Written by Bong Hyun-Shik
In this article I have discussed a very complex yet intriguing topic, understanding and analyzing the commonly used English words and their pronunciations, I have tried to use as many visualizations as possible. So let's get started!
+ more (less common) ones
This is a commonly-cited example of English spelling being bad. Learning to pronounce the same set of letters differently requires lots of experience, and is frustrating when learning new words.
Another example of this is the ‘correct’ way to spell potato.
Although this pushes it to the extreme, it’s still a valid example of this phenomenon. And it gets you thinking.
It’d be way better if every sound we could make had only one way of spelling, wouldn’t it?
Enter the International Phonetic Alphabet.
This alphabet attempts to standardize “representation of speech sounds in written form”, which sounds great! Finally, no ambiguity!
The trouble is, the amount of distinct sounds that humans can make is immense.
Is it really worth having unique letters for the 'th' sounds in then and thin? In fact, there’s a continuous spectrum between those sounds; where does one start and the other begin?

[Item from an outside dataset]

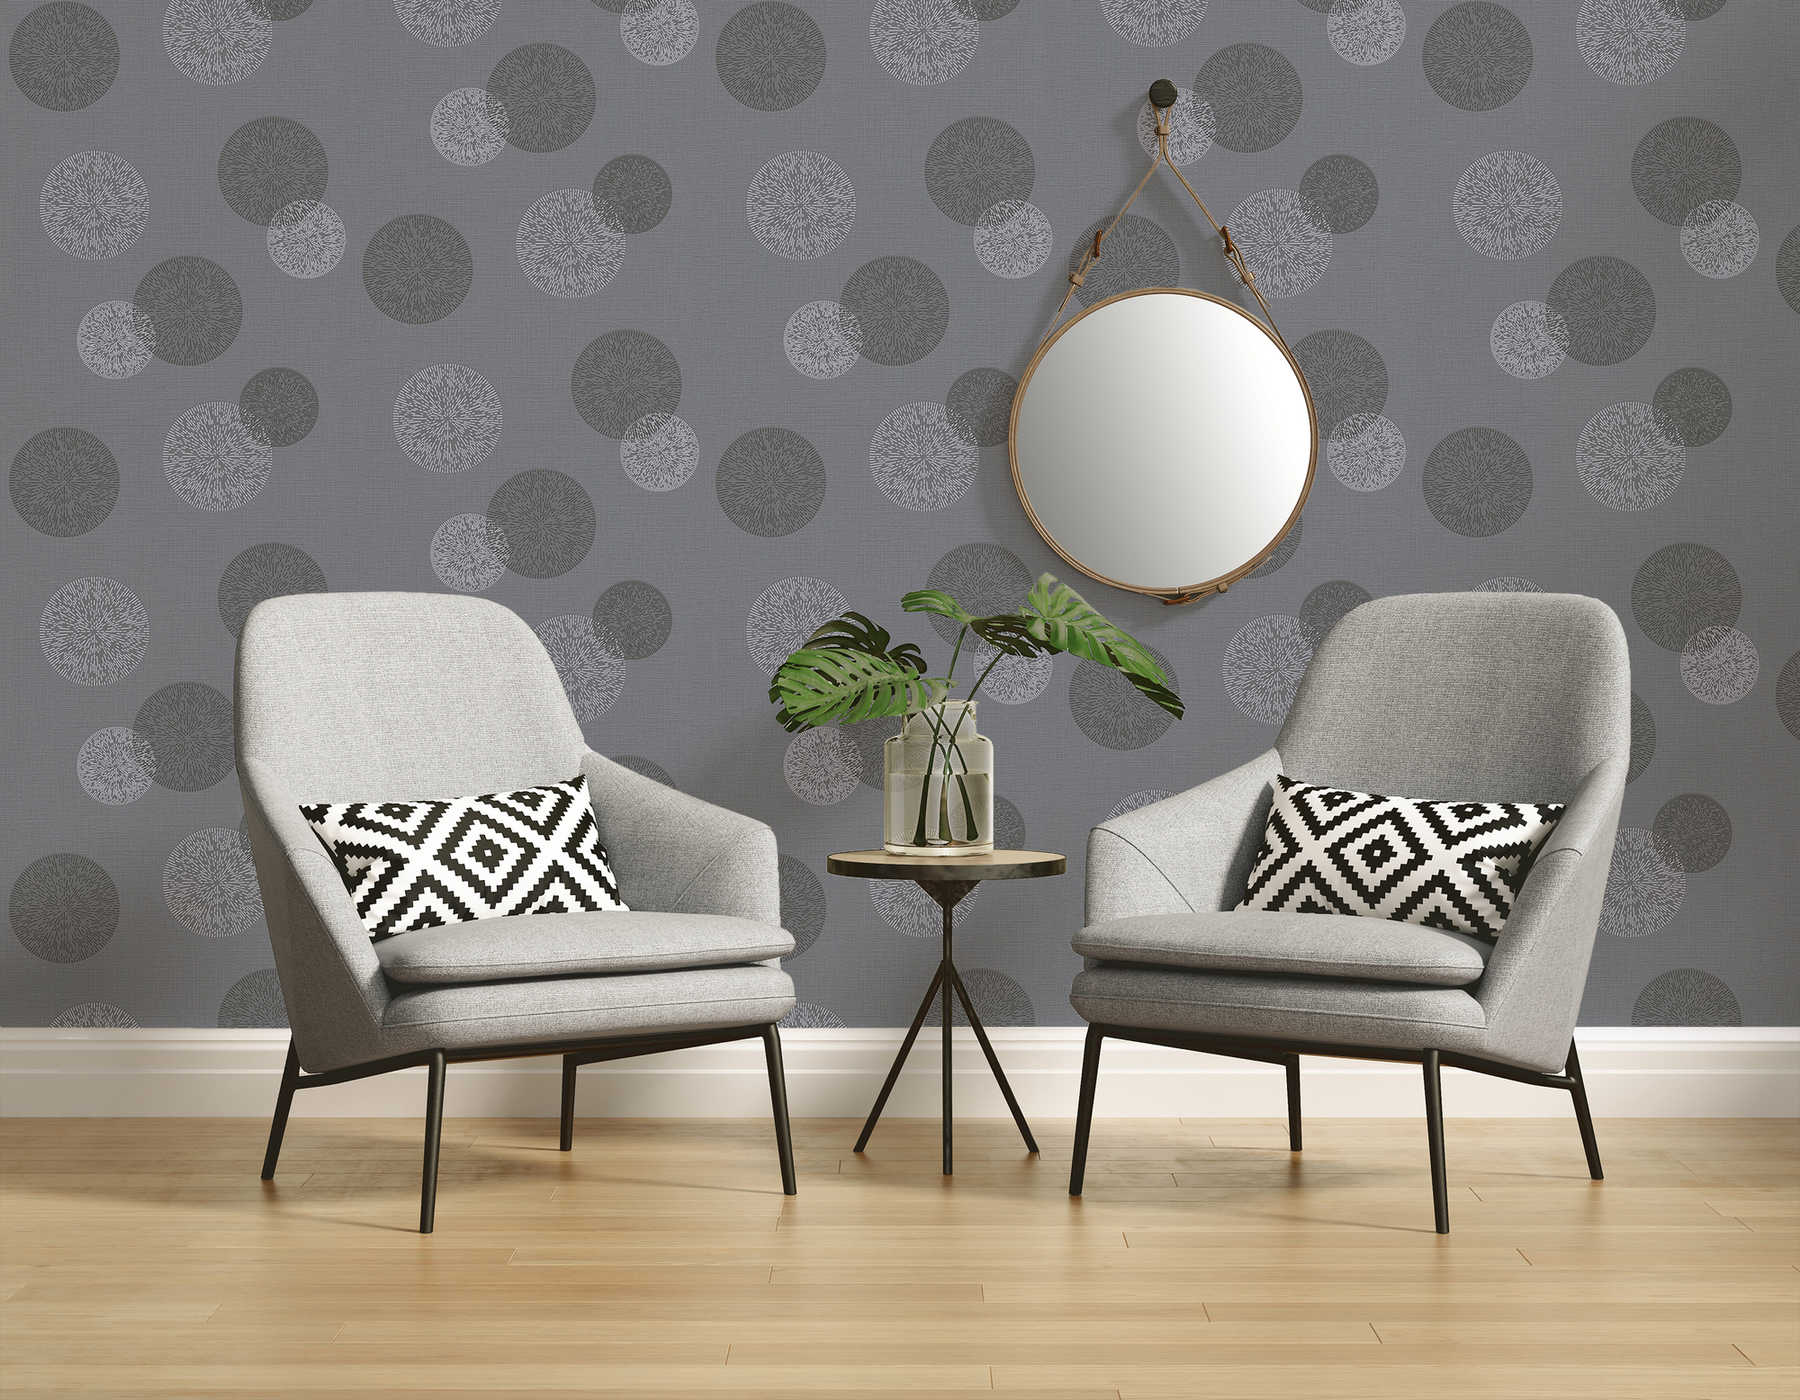             Papier peint salon avec motif circulaire moderne - gris
        
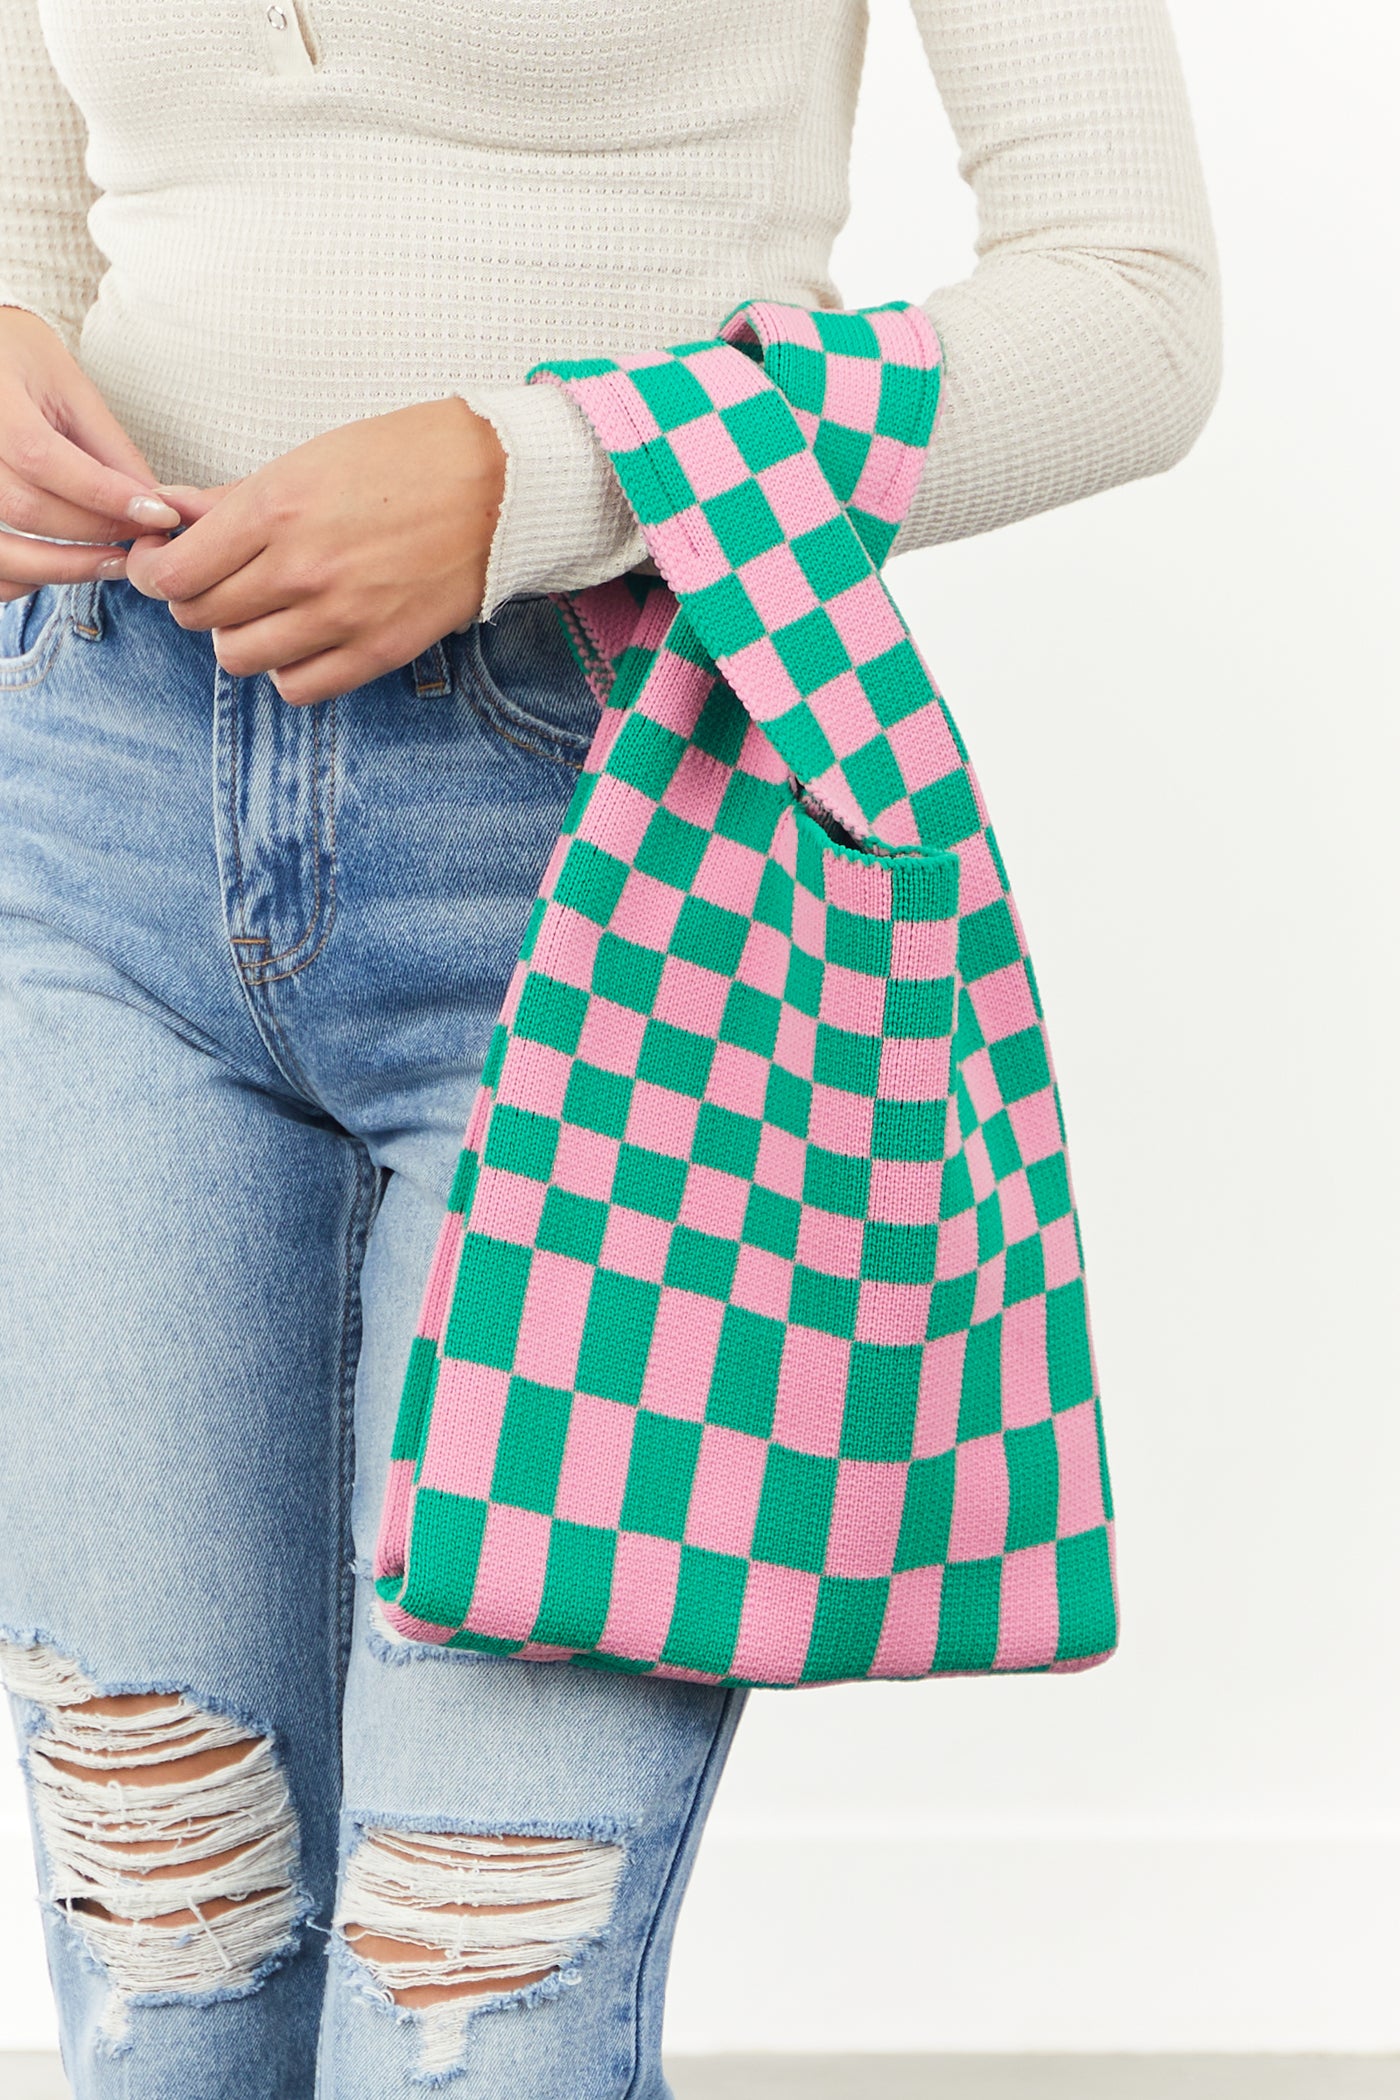 Baby Pink and Jade Checkered Knit Handbag

The IPA Pulmonic Consonant Chart charts all possible consonant sounds a human can make, by identifying the manner and place of the sound | Screenshot from Wikipedia
Diacritics (little notations around each letter) attempt to represent even more subtle differences in pronunciation. The result of this is well over a hundred different letters for representing sounds.
English has too few letters for the number of word sounds used, which forces letters to stand for multiple sounds, making learning the language difficult.
The International Phonetic Alphabet has many more letters to represent word sounds, resulting in incredibly bloated written text (which to be fair isn’t why it exists).
Visualizing the Problem
A section of the International Speech Lexicon dictionary (ISLE) | Screenshot by Author
As part of the development of Bad Spelling Generator, I came up with a way of breaking down spellings and pronunciations into syllables— providing a consistent link between written text and speech.
For example, persuade has pronunciation of p ə ɹ . s w ei d, so I break the word into per and suade.
The data source here is the International Speech Lexicon dictionary, taken from the Python package Pysle. It contains hundreds of thousands of words and their pronunciations.
As a result of the single datasource, the words heavily favour American pronunciations. Be aware of this bias during the data analysis.
I ran some Python scripts to create databases of information about syllable pronunciation and spelling from over 80,000 English words. Let’s explore the data together and see what we find.
Most Variably-Pronounced Syllables
In the same way that ough has many pronunciations, let’s see what group of letters has the most pronunciations.
How many ways of pronouncing a syllable are there? | Image by Author
17 unique pronunciations for the syllables su and cha!? And I thought ough was bad!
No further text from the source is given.